Contes, Mythologie
Les coulisses de la création
L'espace d'un instant
Rencontres avec un tableau
 

  Jan Vermeer, Une jeune femme assoupie (ou La dormeuse),
vers 1657
huile sur toile, 86,5 x 76 cm
 
 
Je te regarde depuis tant de temps que tu finis par respirer. Tu renais des siècles après. Je devine ton souffle tiède, régulier. Je sens l'odeur douceâtre des aliments posés près de toi, celle des meubles qui t'entourent. J'imagine un voile terne de poussière grasse sur le sol, une araignée qui court le long du mur et pour seul bruit, la conversation chuchotée de la nourrice avec la servante derrière la porte.

Je pense qu'on t'a mariée à un bourgeois quelconque, sans doute un négociant. Quelqu'un de plus âgé que toi, ni très beau ni très intelligent, plutôt jovial et brave. Tu éprouves une certaine tendresse pour lui, tu t'es habituée. A vrai dire, il ne te gêne pas trop, il est toujours sur les routes pour ses affaires. Tu le vois à peine trois ou quatre mois par an. Il te fait un enfant et il repart. Vous avez deux filles encore en vie, ce qui te suffit amplement mais ton mari attend un héritier. Avec ta chance, l'hiver prochain tu seras à nouveau enceinte et tu mettras au monde une autre demoiselle.

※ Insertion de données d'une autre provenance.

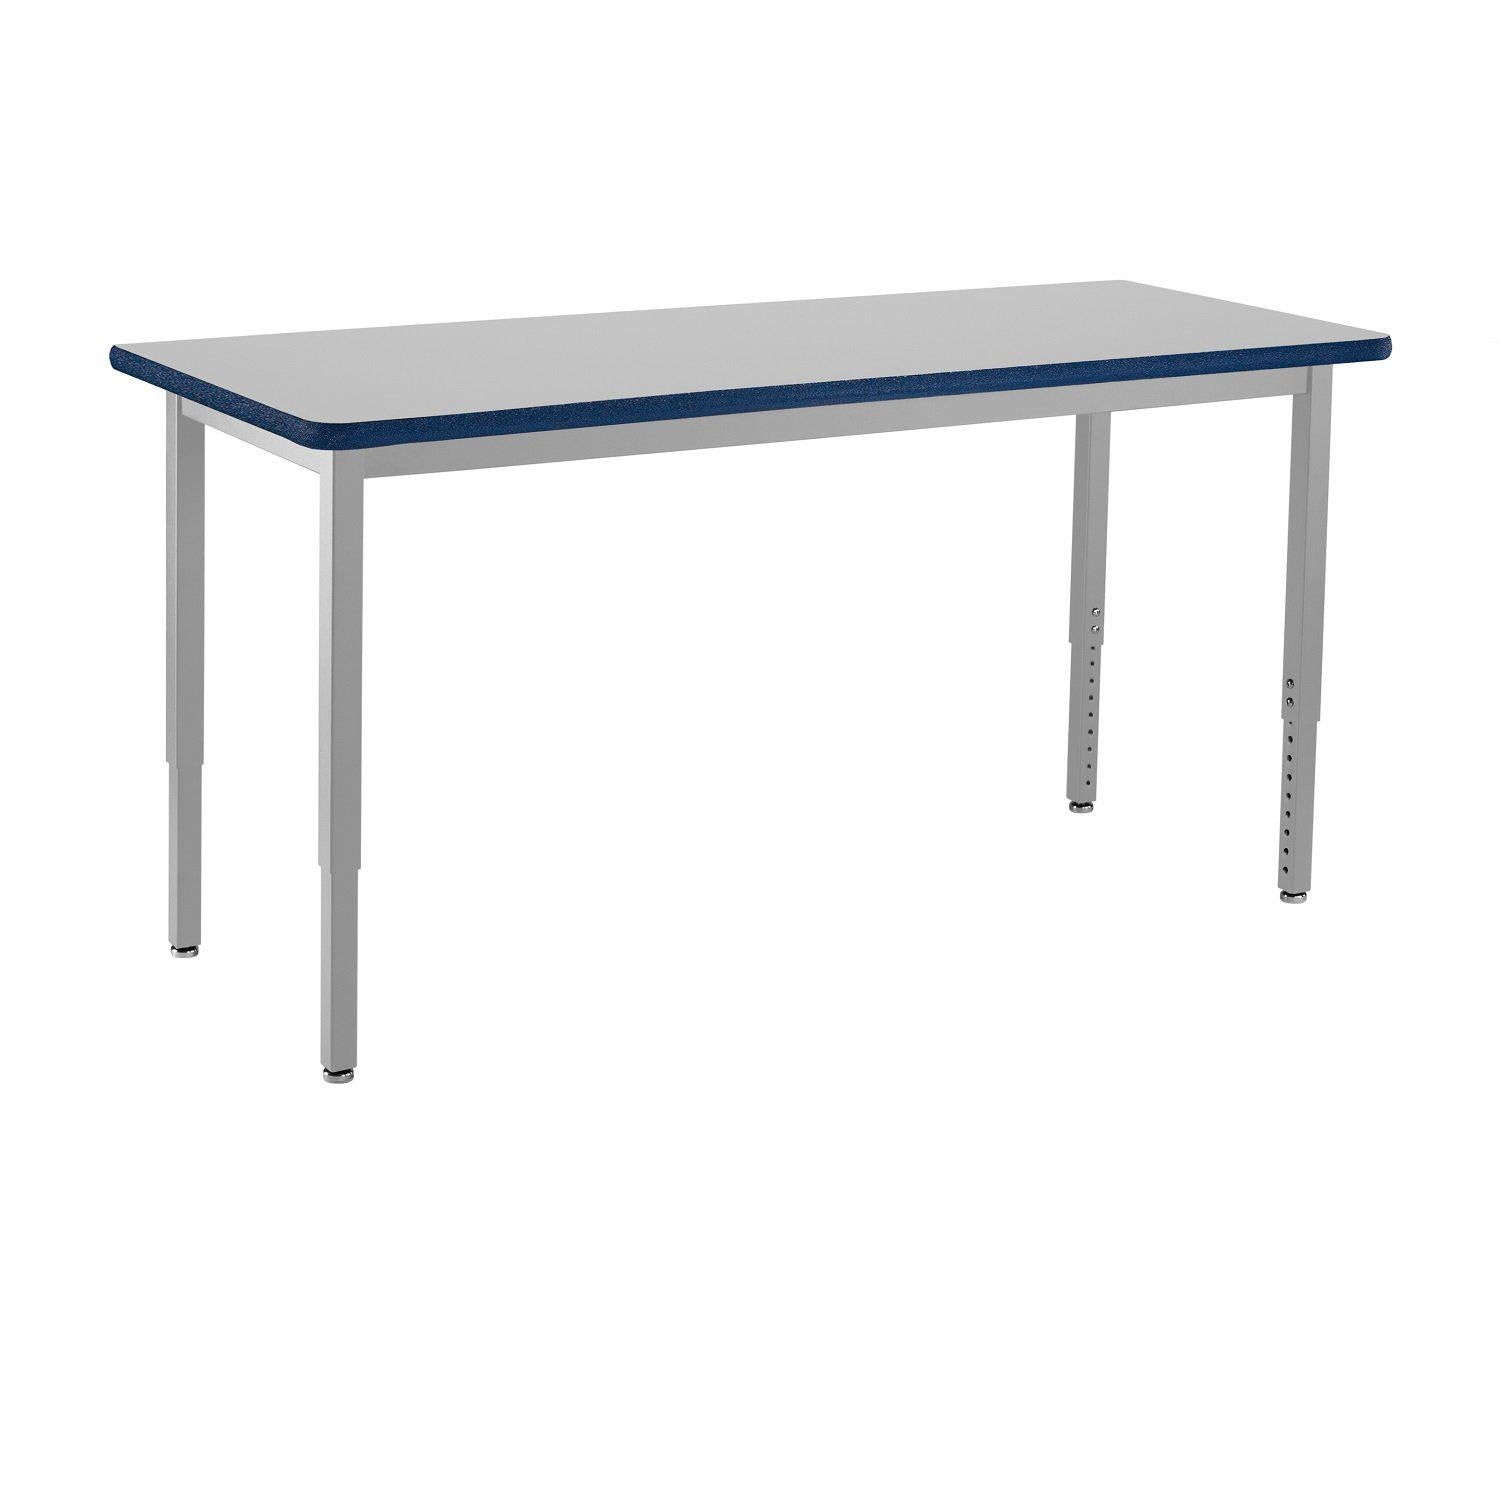 Heavy-Duty Height-Adjustable Utility Table, Soft Grey Frame, 24" x 54", Supreme High-Pressure Laminate Top with Black ProtectEdge

Les enfants ne donnent que des soucis. Tu as passé une partie de la nuit à veiller la cadette. La nourrice lui épongeait le front. Tu baillais en tenant la main brûlante de la petite qui délirait dans son sommeil. Elle parlait sans cesse d'un cheval méchant et d'un arbre qui voulait la manger. A l'aube, la fièvre avait baissé. Le médecin est venu : "Ce n'est pas grave. D'ici peu, elle sera debout." Tant d'enfants meurent en bas âge, tu t'étais déjà résignée. Tu avais commencé à écrire une lettre à ton mari pour le préparer à la terrible nouvelle.

Le pasteur t'a fait une visite de courtoisie. Vous avez bu du lait chaud et mangé les délicieux gâteaux dont il est friand. Il t'a dit d'être courageuse et qu'il prierait pour l'enfant. Plus tard, l'aînée a eu sa leçon de musique. Tu aimes beaucoup son professeur. C'est un Français, séduisant, cultivé et affable. Ta fille le déteste. Elle invente des histoires à son sujet. Elle dit qu'il la bat dès que tu as le dos tourné. Tu n'as pas pu suivre le cours de ce matin comme tu le désirais. La cadette te réclamait à son chevet. Elle voulait que tu la prennes dans tes bras et que tu lui racontes des histoires. Tu aurais préféré écouter le professeur qui joue si bien du luth.

J'espère que tu songes à lui en ce moment car ta vie doit se résumer à une succession de journées identiques et monotones dans un bourg sans charme où il pleut souvent. Ton existence solitaire t'oblige à prendre des décisions, à endosser des responsabilités qui t'épuisent : l'éducation des petites, la maison, l'argent... il faut s'occuper de tout quand ton mari n'est pas là. Ces leçons de musique sont ta récréation, grâce à elles tu te souviens quelques jours par semaine que tu es jeune et sensible. Dès que le professeur franchit le seuil, les tracasseries du quotidien s'évanouissent.

Tu n'as pas encore compris que tu étais amoureuse de lui. Tu es bien trop vertueuse et fidèle pour que cela t'effleure. Pourtant, à l'ombre de tes paupières closes, tu le revois chanter cette ballade où un berger s'éprend d'une inaccessible princesse. C'était avant-hier. Tu étais assise près de la fenêtre, reprisant un vêtement. Tu as relevé la tête. Un faible rayon de soleil caressait les cheveux blonds du professeur. Tu aurais voulu qu'il t'enlève sur le champ. Tu as souri. Parfois de drôles de sottises nous traversent l'esprit. Troublée, tu as quitté la pièce. En y repensant maintenant, tu rougis presque de honte et de plaisir mêlés.